Primary benchmarks: mixed results
Secondary benchmarks: 🎉 relevant improvements found

	mean¹	max	count²
Regressions 😿 (primary)	3.3%	3.3%	1
Regressions 😿 (secondary)	N/A	N/A	0
Improvements 🎉 (primary)	-0.2%	-0.2%	1
Improvements 🎉 (secondary)	-1.7%	-1.7%	3
All 😿🎉 (primary)	1.5%	3.3%	2

Max RSS (memory usage)

Results

Primary benchmarks: 🎉 relevant improvement found
Secondary benchmarks: mixed results

	mean¹	max	count²
Regressions 😿 (primary)	N/A	N/A	0
Regressions 😿 (secondary)	3.8%	3.8%	2
Improvements 🎉 (primary)	-1.2%	-1.2%	1
Improvements 🎉 (secondary)	-2.2%	-2.2%	1
All 😿🎉 (primary)	-1.2%	-1.2%	1

Cycles

Results

Primary benchmarks: 😿 relevant regression found
Secondary benchmarks: no relevant changes found

	mean¹	max	count²
Regressions 😿 (primary)	5.2%	5.2%	1
Regressions 😿 (secondary)	N/A	N/A	0
Improvements 🎉 (primary)	N/A	N/A	0
Improvements 🎉 (secondary)	N/A	N/A	0
All 😿🎉 (primary)	5.2%	5.2%	1

If you disagree with this performance assessment, please file an issue in rust-lang/rustc-perf.
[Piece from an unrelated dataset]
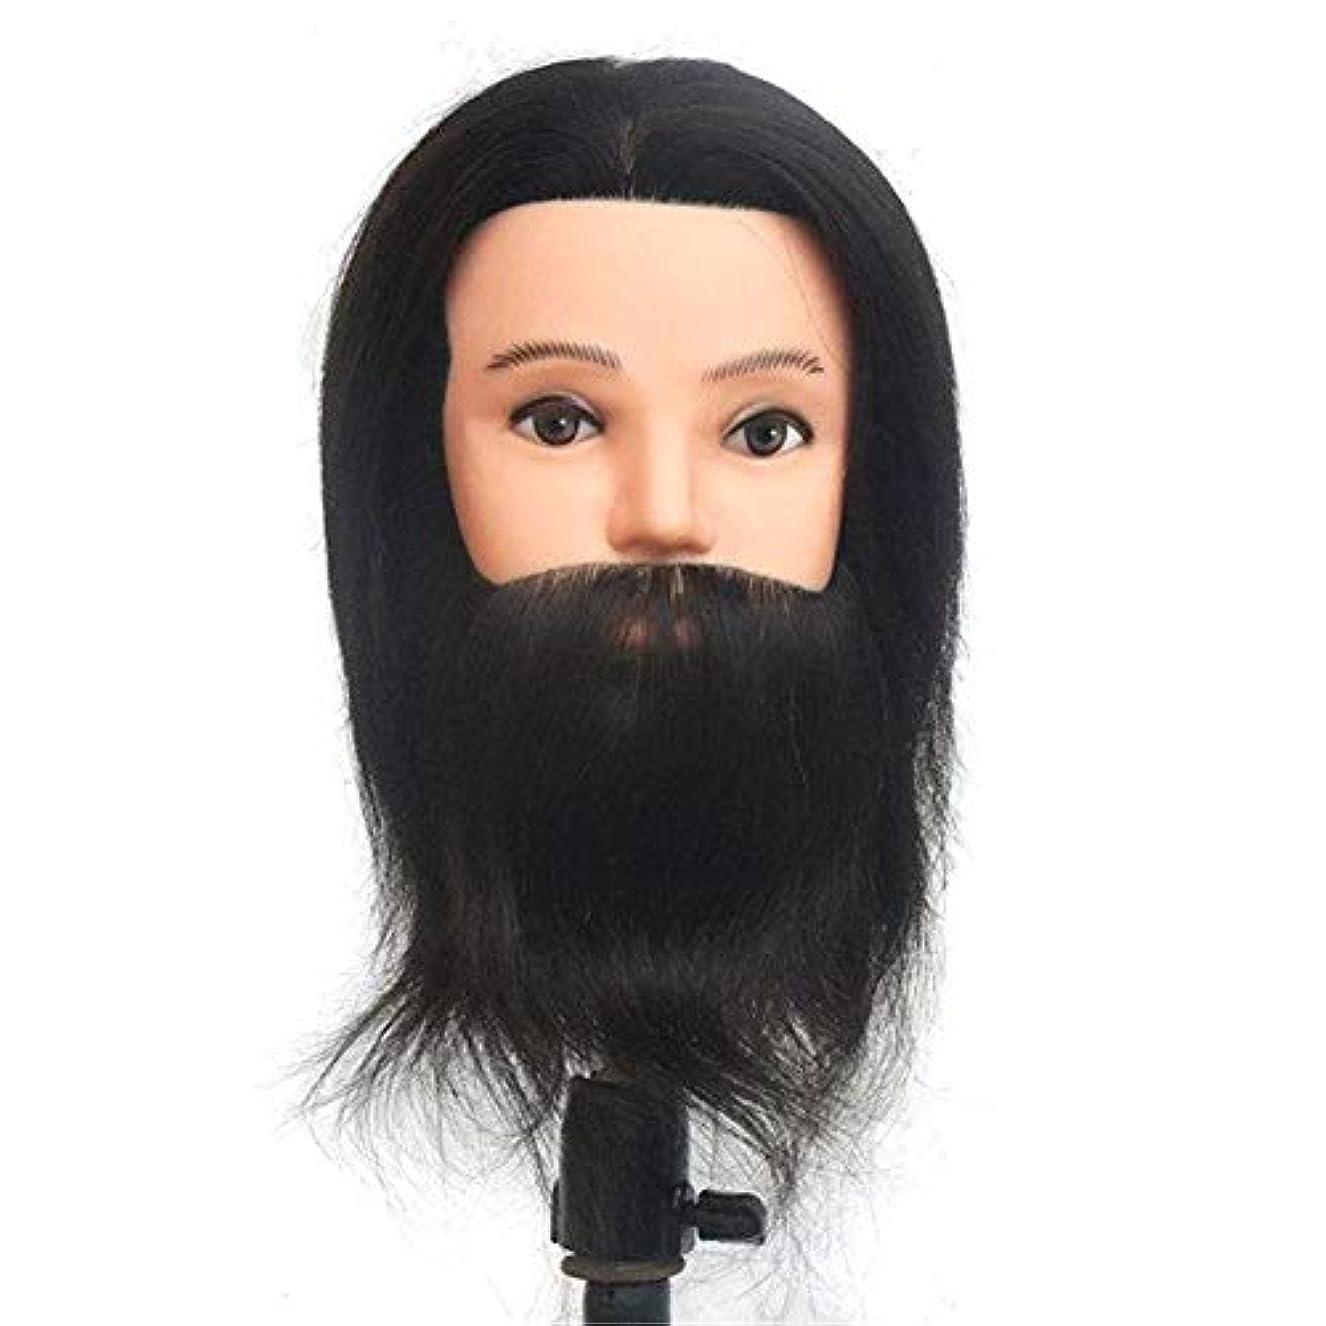 アイドル愛国的な会員リアル人間の髪トレーニングヘッドパーマ髪モデル髪染め理髪ダミーヘッドトリミングひげ学習ヘッドモデル
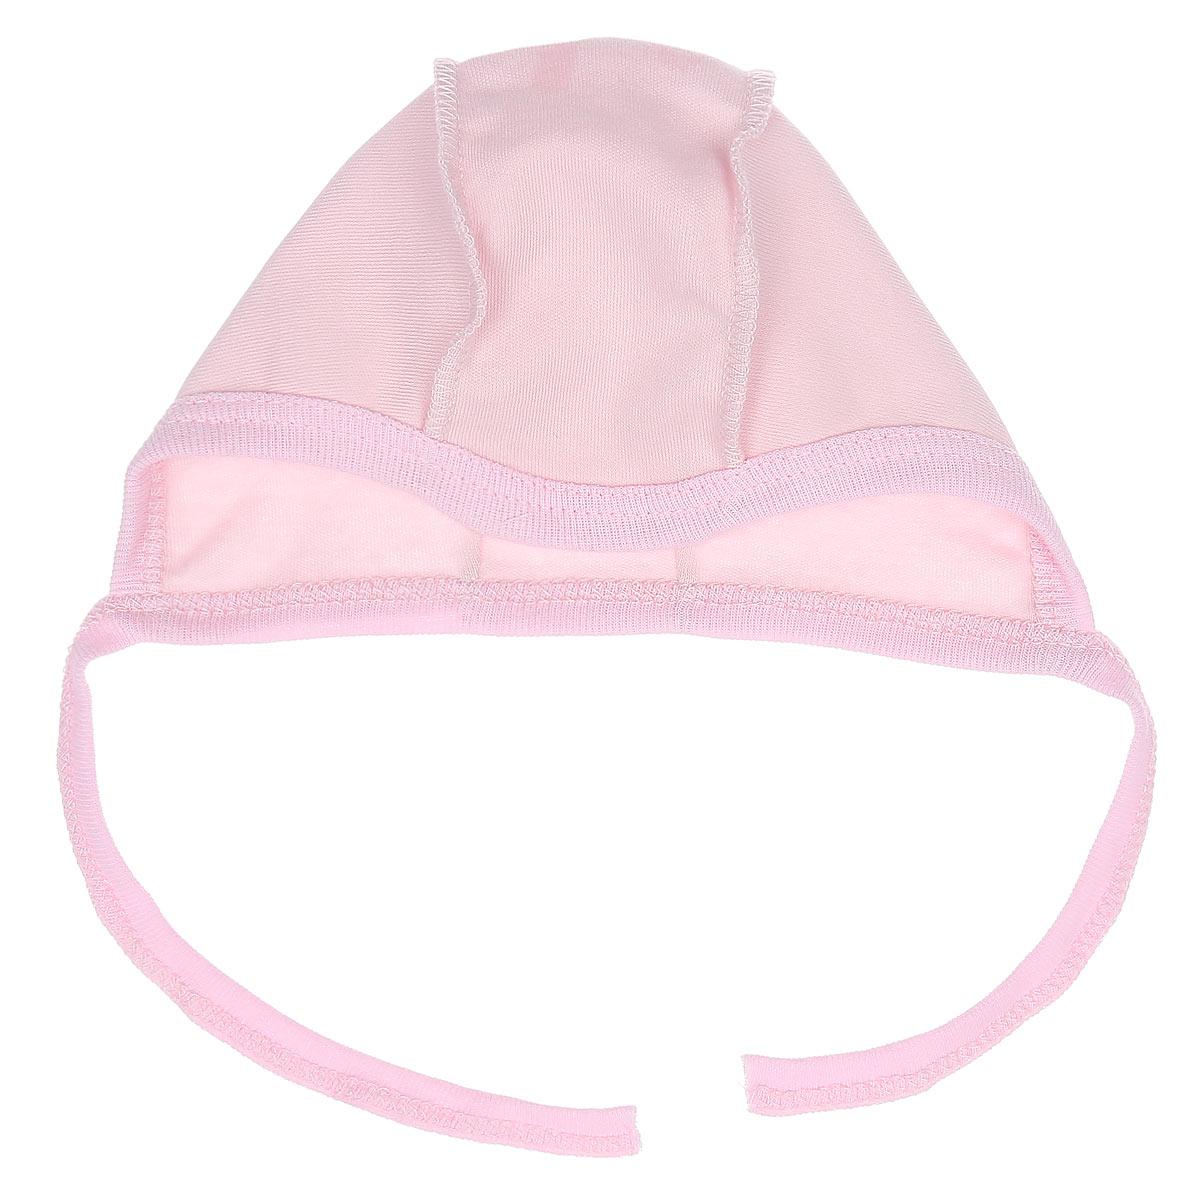 Чепчик для девочки. 38573857Мягкий чепчик для девочки КотМарКот, изготовленный из интерлока - натурального хлопка, не раздражает нежную кожу ребенка и хорошо вентилируется, защищая еще не заросший родничок младенца. Чепчик выполнен швами наружу, что обеспечивает максимальный комфорт ребенку, а завязки позволяют регулировать обхват головы и шеи.

Benchmarking this pull request likely means that it is perf-sensitive, so we're automatically marking it as not fit for rolling up. While you can manually mark this PR as fit for rollup, we strongly recommend not doing so since this PR may lead to changes in compiler perf.

Next Steps: If you can justify the regressions found in this try perf run, please indicate this with @rustbot label: +perf-regression-triaged along with sufficient written justification. If you cannot justify the regressions please fix the regressions and do another perf run. If the next run shows neutral or positive results, the label will be automatically removed.

@bors rollup=never
@rustbot label: +S-waiting-on-review -S-waiting-on-perf +perf-regression

the arithmetic mean of the percent change ↩ ↩² ↩³
number of relevant changes ↩ ↩² ↩³

nnethercote · 2022-06-01T03:07:39Z

The CI perf results are similar enough to those in #97539.

eddyb · 2022-06-04T00:47:04Z

@bors r+

bors · 2022-06-04T00:47:05Z

📌 Commit dee353d has been approved by eddyb

bors · 2022-06-04T04:51:33Z

⌛ Testing commit dee353d with merge cb0584f...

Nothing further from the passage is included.